Use Claude Code's Agent tool from the parent session. The key field is subagent_type, usually general-purpose for open-ended work or a specialized type such as code-reviewer when your install exposes one. The child agent gets its own clean context, runs the prompt you pass, returns TaskOutput, then exits. For long tasks, dispatch it in background mode so the parent can keep planning or launch 2 to 4 other independent subagents while it runs.
How much does multi-agent Claude Code cost compared with a single agent?
Expect a token multiplier. Each subagent consumes the full prompt you send plus its response, and parallel dispatch creates a cost burst at the moment the Agent calls launch. Prompt-cache reuse can soften repeated project context, but it does not make subagents free. A single-agent coding pass that used 25K tokens in our tests often became 95K tokens with 4 parallel subagents because each received files, constraints, and output instructions separately.
When should I use a subagent instead of MCP?
Use the distinction this way: a subagent is isolated reasoning, MCP is a stateful external service or tool bridge. MCP wins when the job depends on a specific external API, for example Linear issue updates, Sentry error search, Postgres queries, or a browser session. A subagent wins when the job is parallel decomposable reasoning work, such as reviewing 3 files independently, comparing 4 implementation options, or drafting separate migration plans.
What are the best subagent patterns for code review?
Start with a code-reviewer subagent_type when available, then use a second verification subagent after fixes land. For risky changes, run review subagents in isolated git worktrees, especially if your CLAUDE.md documents the superpowers:using-git-worktrees pattern. The loop is simple: dispatch implementation, dispatch review against the diff, apply fixes in the parent, then dispatch verification. Keep each review prompt narrow, for example security only, migration correctness only, or test coverage only.
How do I debug a multi-agent workflow?
Inspect TaskOutput for each subagent first, not just the parent summary. TaskList state usually tells you which subagent failed, timed out, or returned thin output. For messy failures, dispatch a dedicated debug subagent with the failed prompt, the returned output, and the expected format, then ask it to retrace the likely reasoning gap. One common gotcha: a subagent can silently truncate long results, so missing final sections may be a token ceiling problem rather than bad reasoning.

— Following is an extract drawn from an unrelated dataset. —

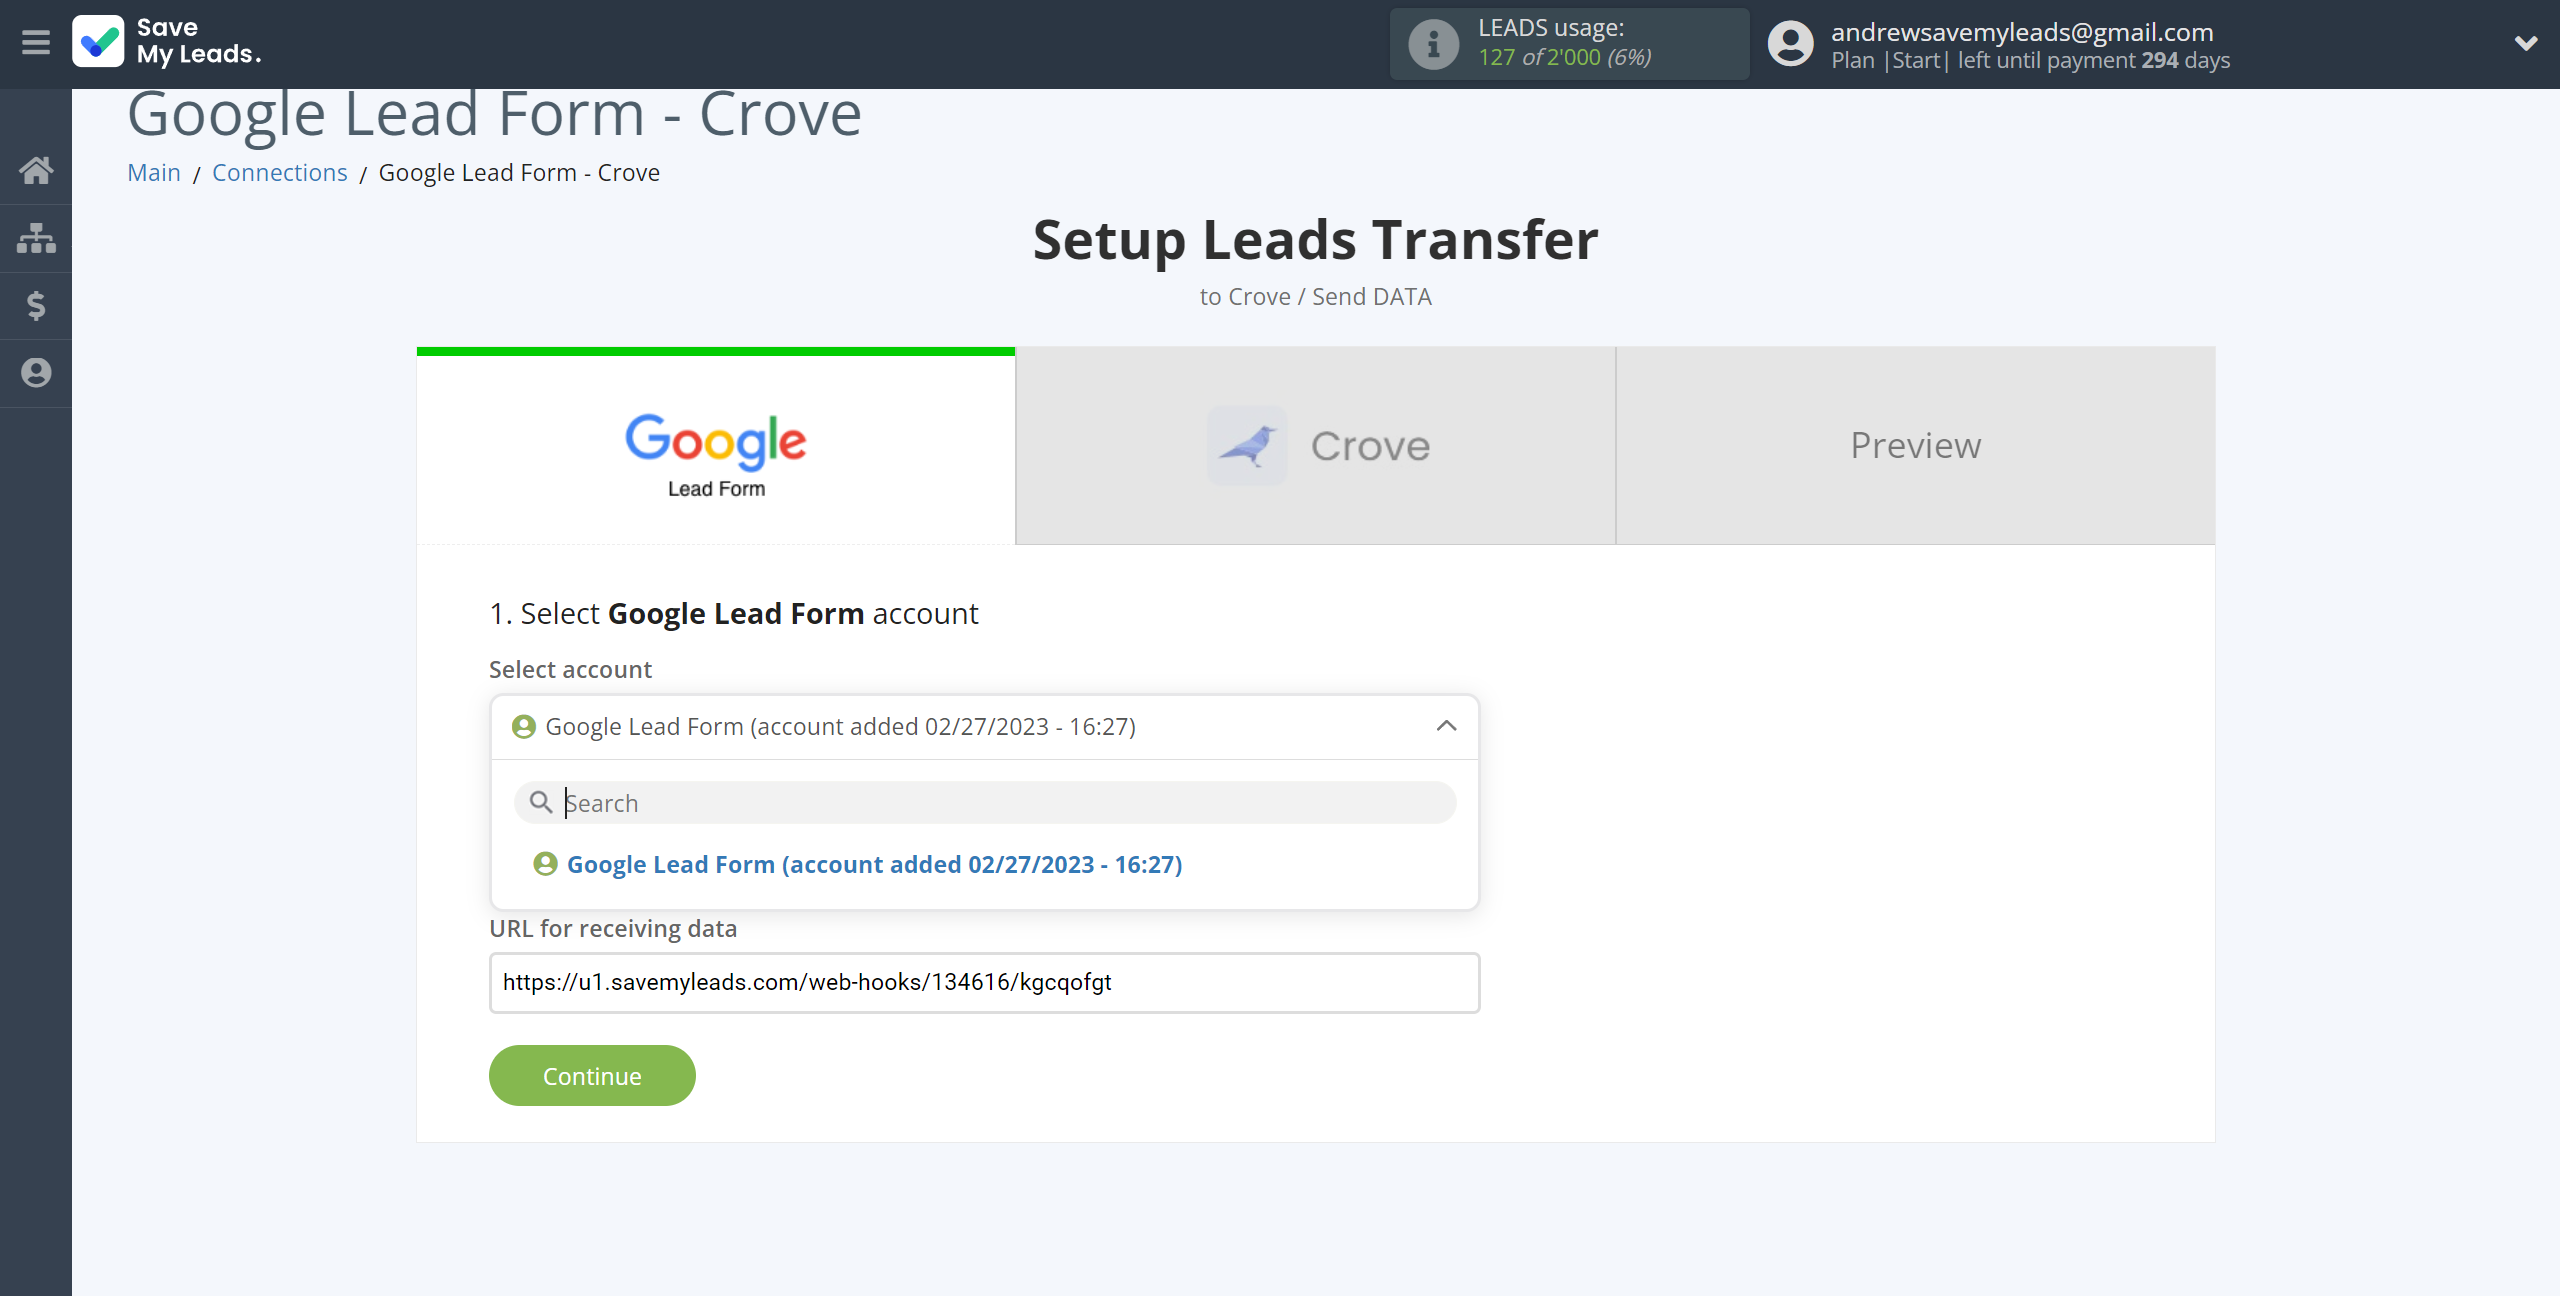 How to Connect Google Lead Form with Crove | Data Source account selection

Can subagents share memory or context?
No, not by default. Each Claude Code subagent starts with clean context plus the prompt, files, and tool permissions you pass into the Agent call. Practical workarounds are straightforward: paste prior state into the prompt body, ask each subagent to read a shared file such as MEMORY.md or session.json, or have the parent agent relay compact summaries between tasks. The parent should still resolve conflicts because shared files can drift when several agents update them.
How do I prevent runaway multi-agent loops?
Set max_budget on each Task call when your Claude Code version supports it, then watch TaskList for ballooning tool counts. Put explicit termination criteria in every subagent prompt, such as stop after 3 failing test runs or return findings after 20 files. Add a manual stop button or command in the orchestrator workflow. The failure to watch closely is sub-sub-agent recursion, where a child agent starts spawning more agents without a hard ceiling.
What is the production readiness of Claude Code multi-agent in 2026?
In 2026, Claude Code multi-agent works well for solo developer workflows where one person supervises cost, prompts, and final integration. It is less mature for team handoff. Current gaps include no built-in cross-session subagent memory, limited first-class observability, and uneven output determinism. Before using it in production, test cost ceilings, failure recovery, and repeatability on 20 to 30 representative tasks. If you need stricter orchestration now, compare LangGraph or CrewAI.